ただし、区間 [l,r]は l以上 r以下の整数の集合を表します。
- マスiにいるとき、Sから整数を 1つ選んで (dとする)、マス i+dに移動する。ただし、マス目の外に出るような移動を行ってはならない。
高橋君のために、マスNに行く方法の個数を 998244353で割った余りを求めてください。
ナイーブな解き方
一見すると、以下のような単純なDPで解けそう!という風に見えます。
dp[i]: 位置iに到達する移動方法の数
dp[i] = \sum_{s \in S}dp[i-s]
しかし、これだとdpテーブルの更新数(N) x Sの要素数(N) でN^2の計算量がかかってしまい、TLEエラーで通すことはできません。
高速化①
Sの要素が区間として与えられており、かつ区間同士で共通部分を持たないことに注目すると、
区間[Li, Ri]での移動はDP上のある区間の和と考えられます。
例: 区間[1, 5]の場合、 dp[i] = dp[i-1]+dp[i-2] + ... + dp[i-5]

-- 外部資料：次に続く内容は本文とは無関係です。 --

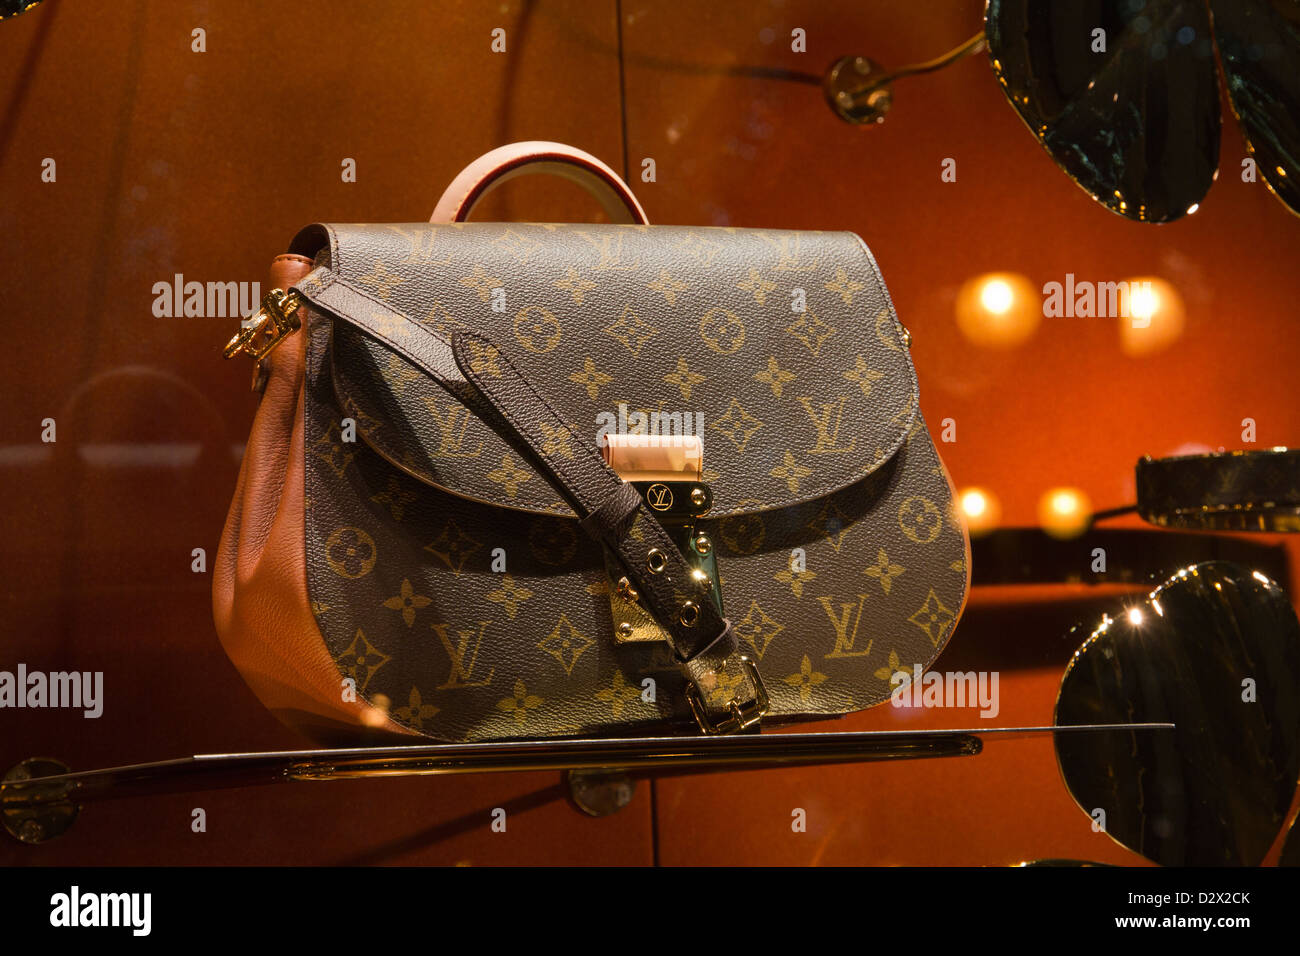 Louis Vuitton bag displayed in window showcase Stock Photo - Alamy

これを利用すると、DPテーブルは下記のように書き換えられます。
dp[i] = \sum_{lr \in S}\sum_{j \in [l,r]}(dp[i-j])
(lr:Sに含まれる一つの区間)
高速化②
高速化①で、区間和を愚直に求めようとするとやはり計算量Nのため、全体で計算量N^2のままです。そこで、累積和の考え方を使うことで、区間和の計算を高速化します。

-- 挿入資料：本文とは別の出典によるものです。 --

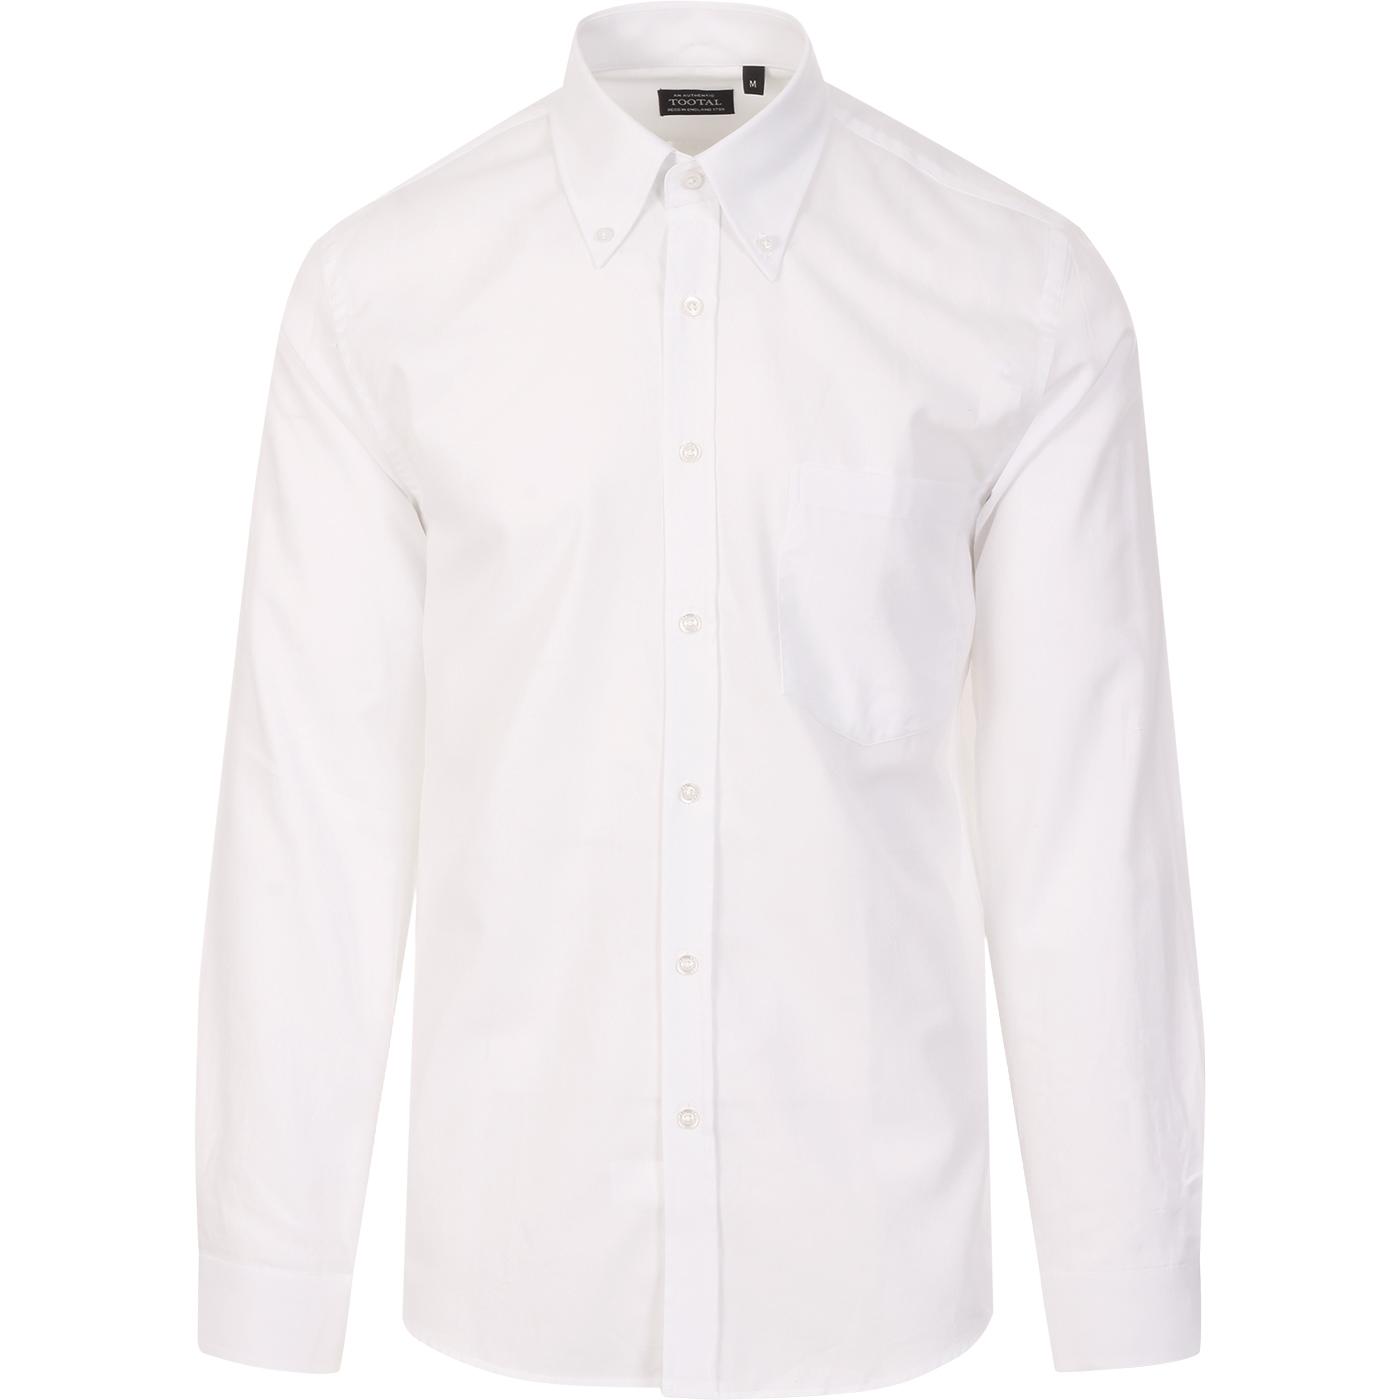 TOOTAL 60s Mod Plain White Button Down Oxford Shirt

累積和とは、数列上で最初の要素から特定の要素までの値を順々に足し合わせたもので、
累積和を利用することで、数列上の区間和を下記のように計算できます。
(数列Lのi~jまでの区間和) = ([jまでの累積和] - [iまでの累積和])
この方法によって、任意の区間和を定数時間で計算することができ、全体の計算量をNKに抑えることができます。

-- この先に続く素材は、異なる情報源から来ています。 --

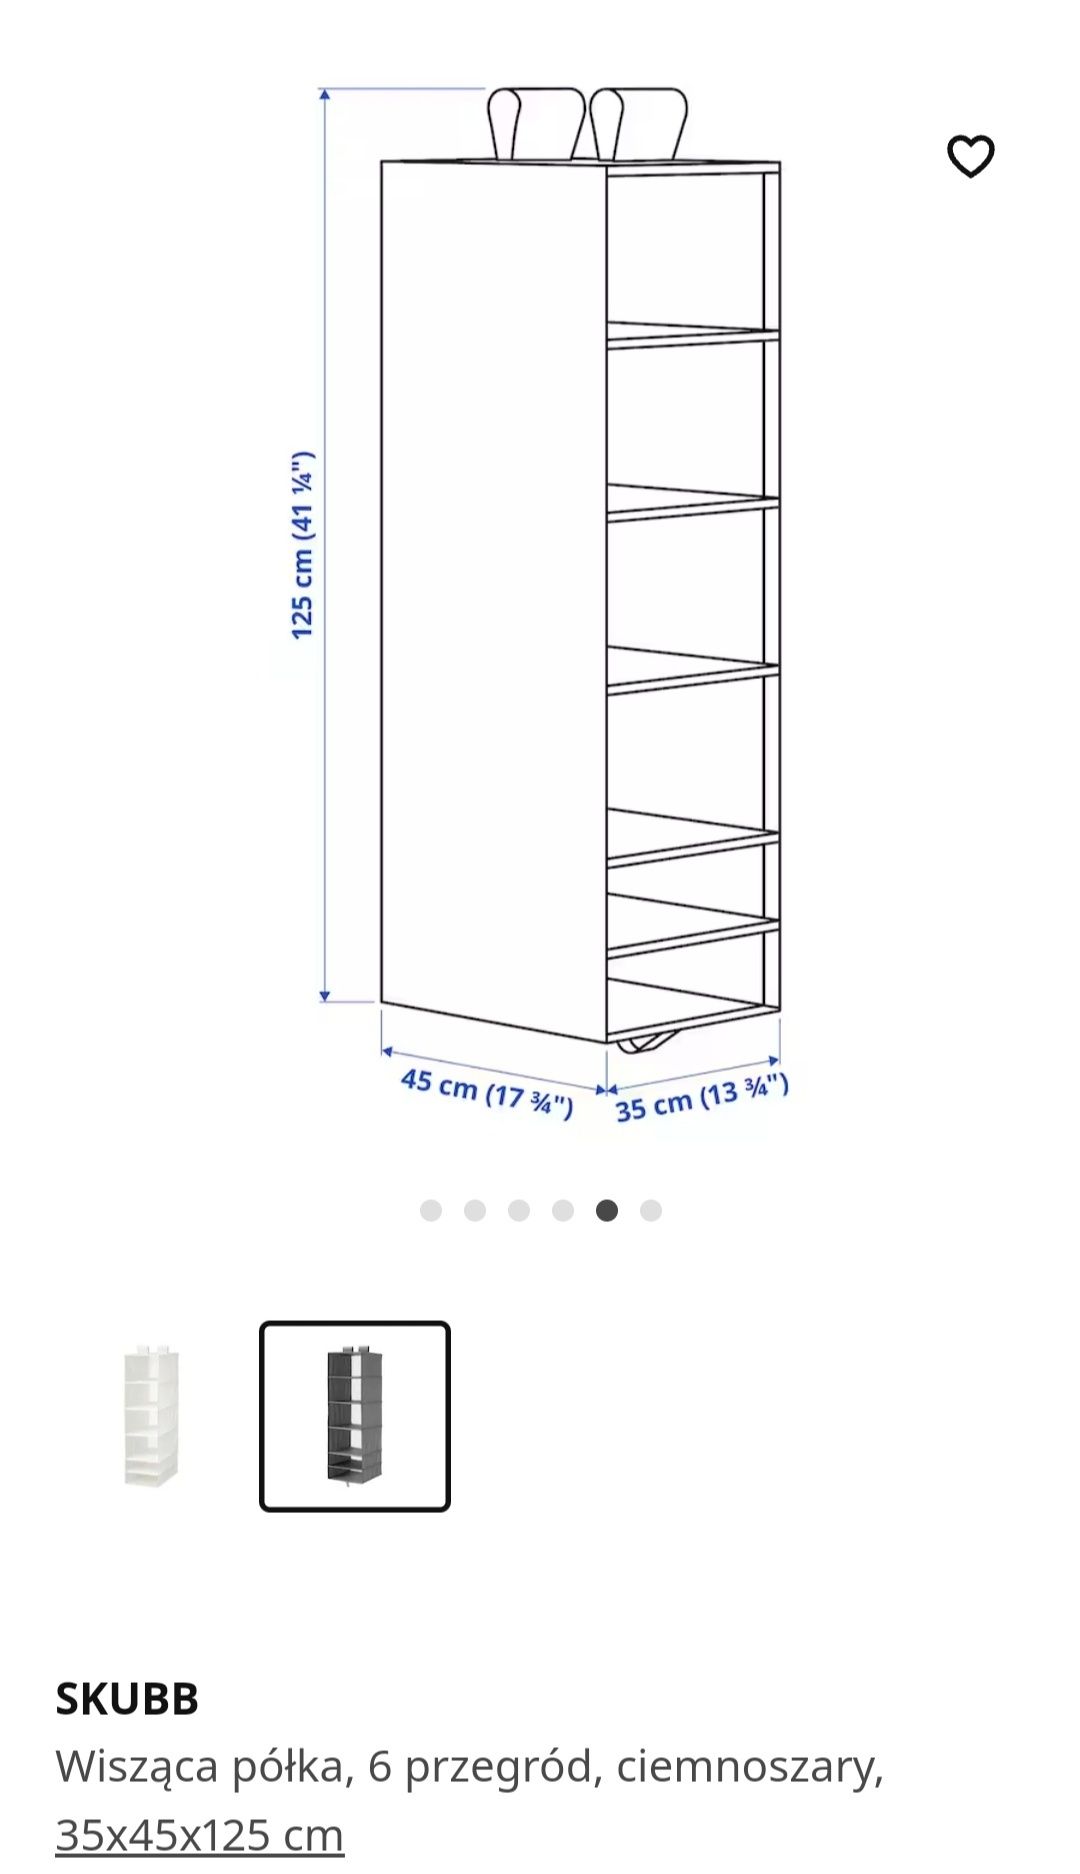 Wisząca półka do szafy SKUBB Ikea

累積和をsdpで表すと、DPは下記のようになります。
dp[i] = \sum_{lr \in S}(sdp[i-lr[r] - sdp[i-lr[l])
実装
pythonによる実装です。
dpの初期値(dp[0])は最初の場所へ行く方法の数なので1です。
N, K = map(int, input().split())
LR = [list(map(int, input().split())) for _ in range(K)]
mod = 998244353
S = []
for k in range(K):
for i in range(LR[k][0], LR[k][1] + 1):
S.append(i)
dp = [0] * N # dpテーブル
sdp = [0] * (N+1) # dpテーブルの累積和
# DPの初期値を設定
dp[0] = 1
sdp[1] = 1
for n in range(1, N):
for lr in LR:
left = max(0, n - lr[1])
right = max(0, n - lr[0] + 1)
dp[n] += sdp[right] - sdp[left]
dp[n] %= mod
sdp[n+1] = (sdp[n] + dp[n]) % mod
res = dp[N-1]
print(res)
まとめ
区間を利用したDPの計算と、累積和を利用した高速化という2つの概念が学べる良問でした。
D問題となると、単純なDPが実装できるだけではなく、計算量への意識が求められる、ということなのですね。